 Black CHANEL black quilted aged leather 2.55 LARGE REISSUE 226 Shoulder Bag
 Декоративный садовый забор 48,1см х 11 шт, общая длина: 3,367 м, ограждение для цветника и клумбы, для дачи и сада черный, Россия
* * *
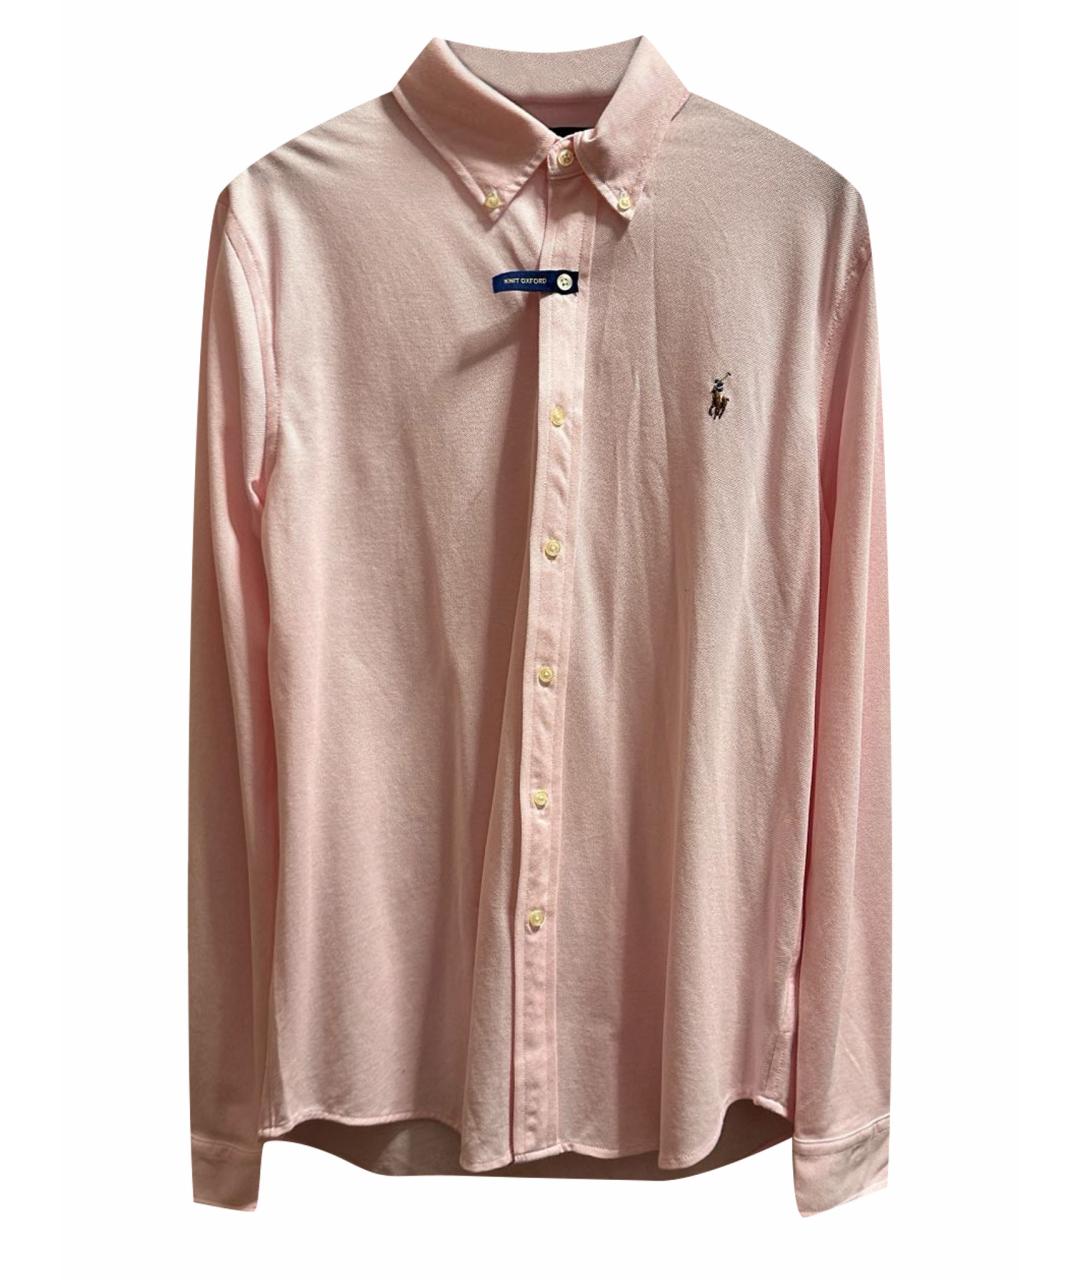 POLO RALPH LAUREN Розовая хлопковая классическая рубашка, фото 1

# How to complete this task
Look above for the line with "Black CHANEL black" and the line with "Декоративный садовый забор"; transcribe both and all lines in between, exactly, and nothing else.

# Solution to this exercise
 Black CHANEL black quilted aged leather 2.55 LARGE REISSUE 226 Shoulder Bag
 Декоративный садовый забор 48,1см х 11 шт, общая длина: 3,367 м, ограждение для цветника и клумбы, для дачи и сада черный, Россия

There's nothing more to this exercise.